Taking things one stage further, we can allow our fuzzy set memberships to evolve. This relates to learning the rules by which we make our decisions. This is difficult to do in human terms, for whilst we can provide evidence after-the-fact we are unable to query our neural connections to find out what factors actually contributed to our intuitive decisions and by how much.
Using variants of Neural Networks this problem too can be solved. Fuzzy Adaptive Systems use NNs to identify clusters in the input data, and this is what we mean by our fuzzy sets. It is possible to extract the definitions from these systems which allows us to build artificial control and decision systems using fuzzy methods (a form of automatic expert system).
The bivalent 1/0 realm makes control decisions an all or nothing affair, this mode of working is highly unstable as we see at traffic lights. Traditionally 'Go' or 'Stop' must be permanent states, either/or, and cannot depend upon the fuzzy value of how much traffic there is - thus they have fixed on/off times and this causes jams and empty lanes to coexist. Applying fuzzy logic however enables us to classify the traffic density from the two directions as fuzzy values, thus we can then decide relative times for Go and Stop to best balance traffic flow. Such applications are widespread and show fuzzy thinking is not just equivalent to probabilities as some assume, but is a way of dealing logically with fuzzy actualities (e.g. lane occupancy 'completeness') - real world values.
In fuzzy control systems we make extensive use of the concept of cybernetic feedback, common to many other systems fields.
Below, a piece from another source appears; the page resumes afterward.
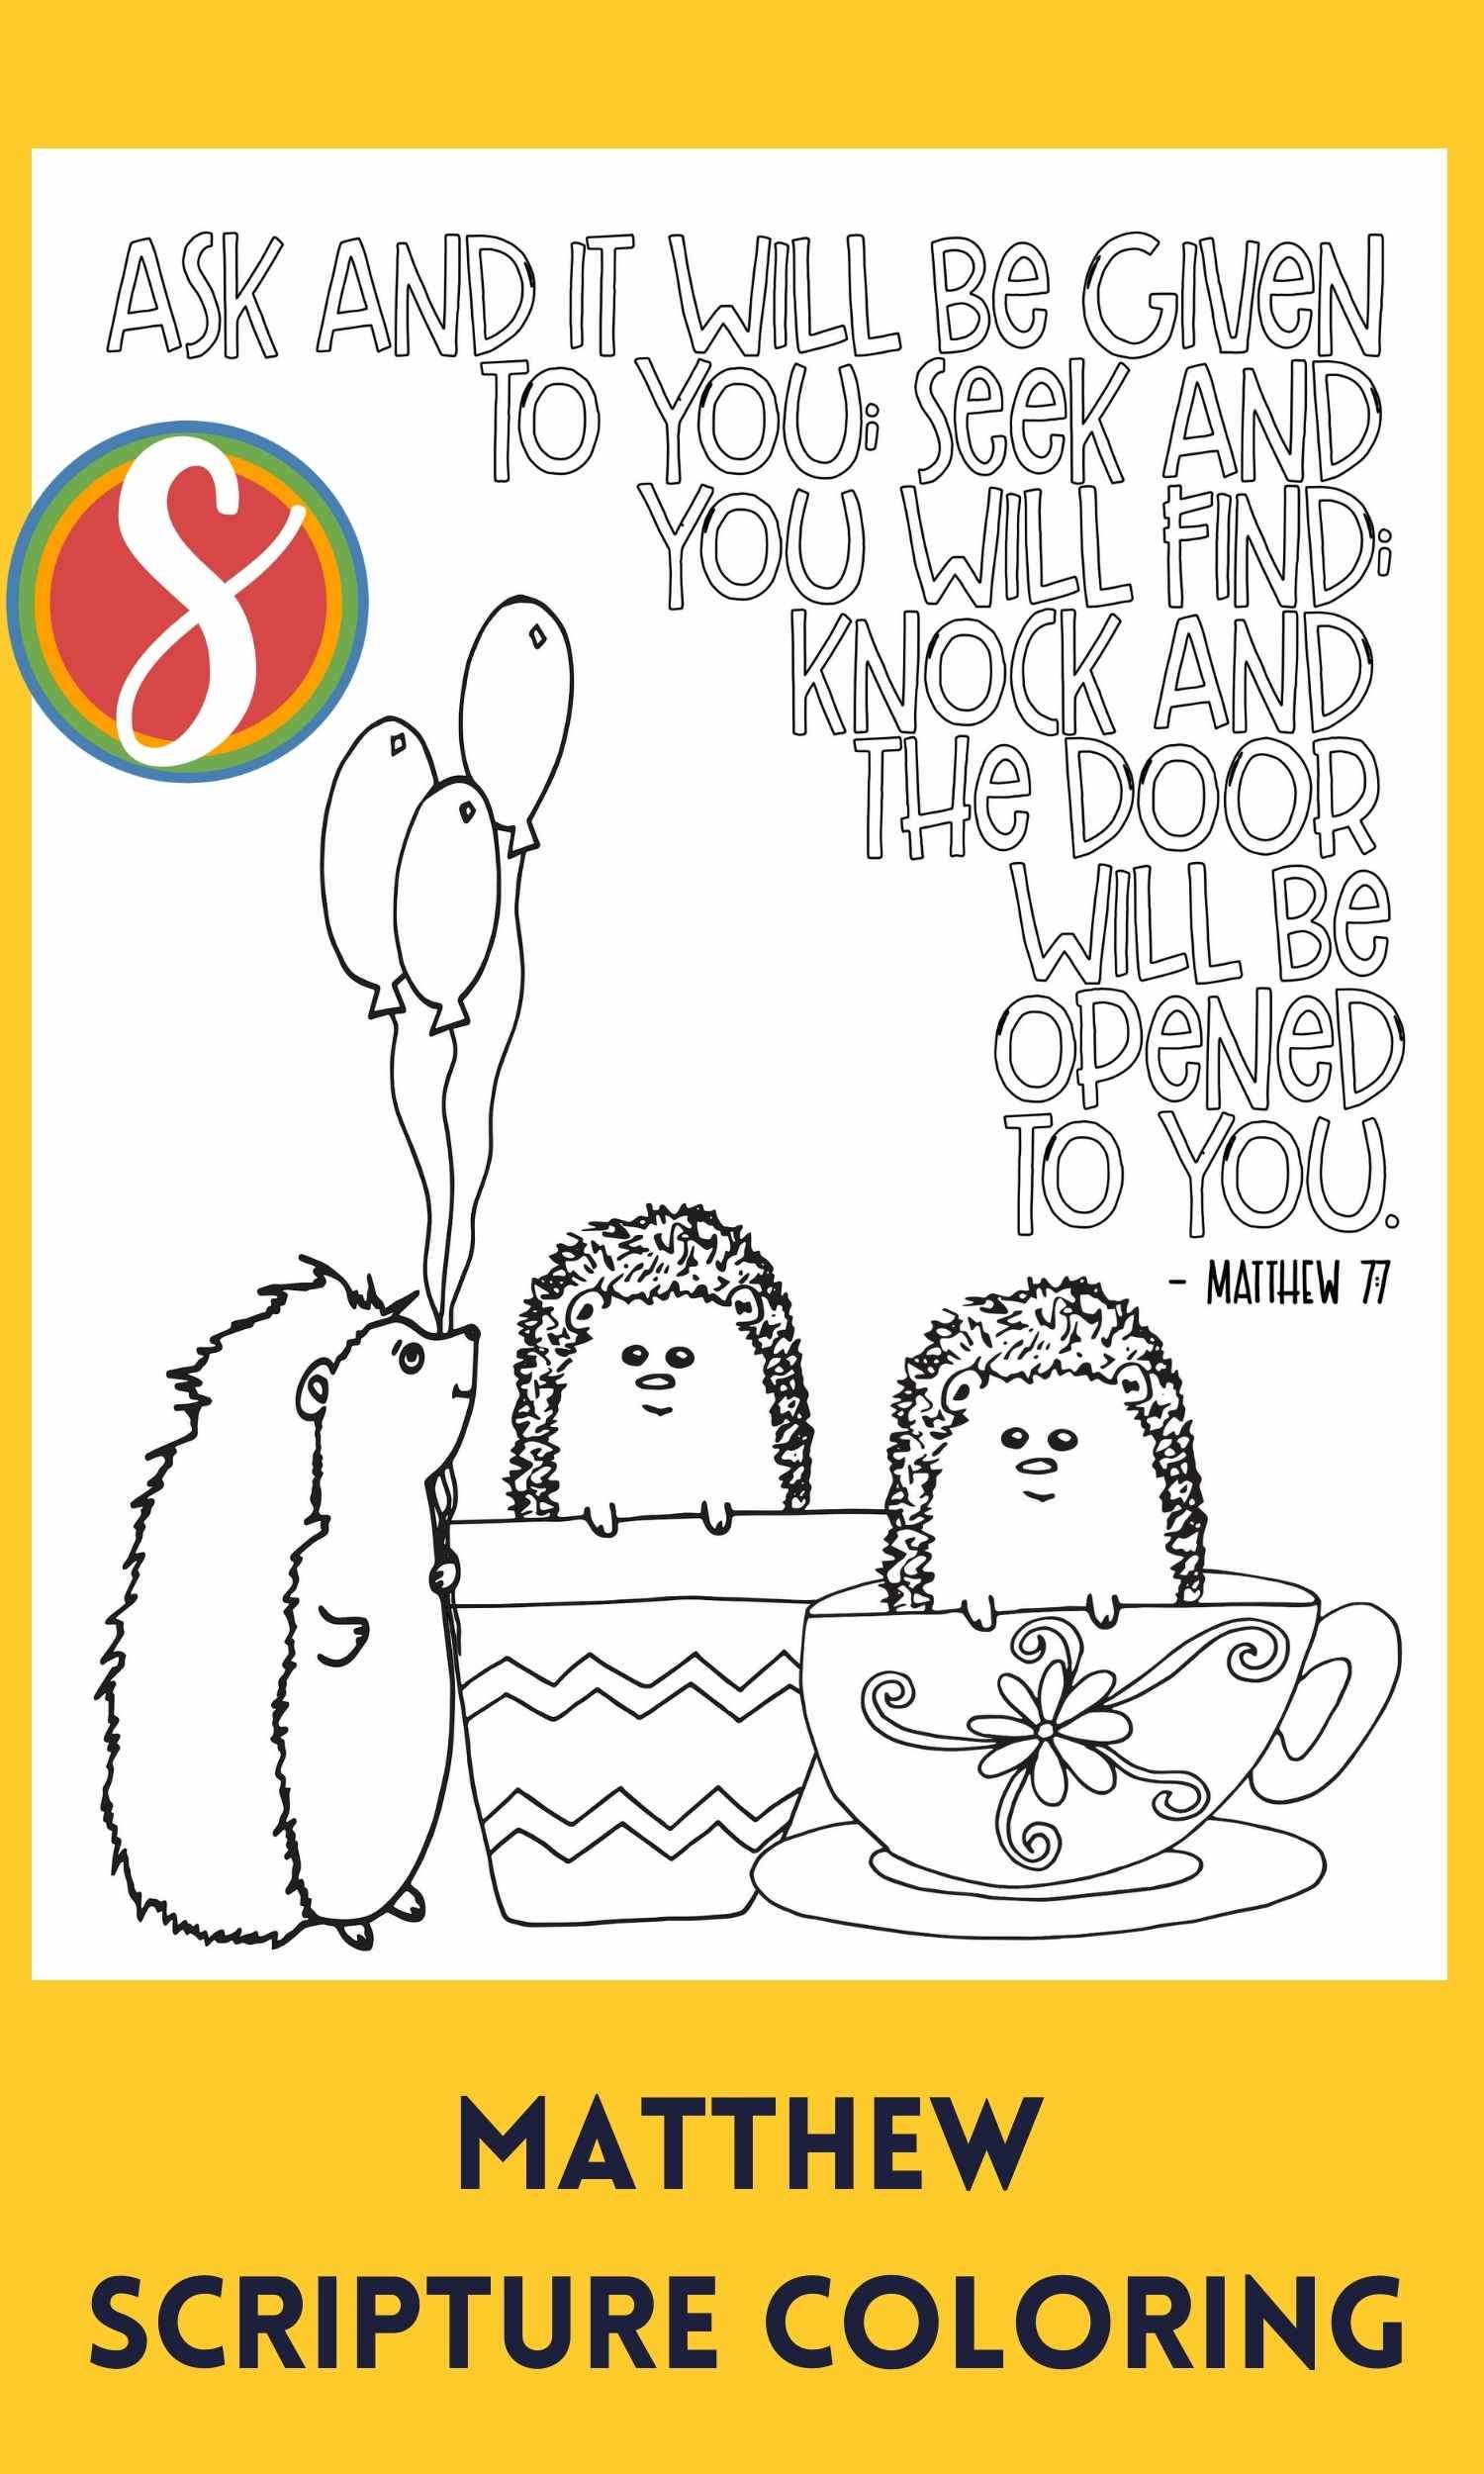 a hedgehog holding balloons, a hedgehog in a planter, a hedgehog in a teapot, to color, colorable text "Ask and it will be given to you; seek and you will find; knock and the door will be opened to you."

Fuzzy systems being inherently nonlinear however can deal with those situations hard to formulate in traditional linear mathematical terms, and this includes complex nonlinear machines and systems with multiple interrelated variables.
Although we have concentrated here on explaining fuzzy logic, we need to put this into perspective. Fuzzy logic is just one of a number of non-standard logics that currently exist and which are used to cope with situations excluded from classical bivalent logic. One of main classes of these logics (which includes fuzzy logic), is known as paraconsistent logic and this allows for various types of contradiction. Fuzzy logic, which we have outlined here, retains a form of balance, the 'true' and 'false' axes always add to 1, i.e. if a statement become more 'true' then it become less 'false' in proportion. But we can relax this rule, and allow for separate values on both these axes, e.g. a value could be 100% true and 100% false at the same time, i.e. the very definition of a paradox. Going even further, we can realise that our fuzzy values are themselves uncertain, so we can add a third 'indeterminacy' axis to reflect this - a mode more akin to quantum ideas. The implications of these wider logics have yet to be widely studied, but by merging a number of them we can perhaps derive a common form of decision logic that can apply to multi-level complex systems, values and dynamical science alike.
The fuzzification of our ideas is not a new thing, our brains have been doing it for millions of years. What is new is the discarding of the dualist true/false dogma of traditional philosophy, which has created a world strewn with artificially forced boundaries, whether they be logical, scientific, religious or political - a justification for conflict that has been enthusiastically embraced by shallow thinkers everywhere. That is the main social benefit of this approach and why it is important for the complexity sciences which also reject such dualisms.
Many alternative formulations and approaches to this subject are around (we have only scratched the surface) but these relate more to the mathematical aspects and how these are used than to the general idea. In complexity terms what is important is the idea that multiple vague values can successfully be considered at one time, in both informal and formal ways. This allows us to improve our notion of 'truth' in such a way as to provide a fitter context in which to explore science and life.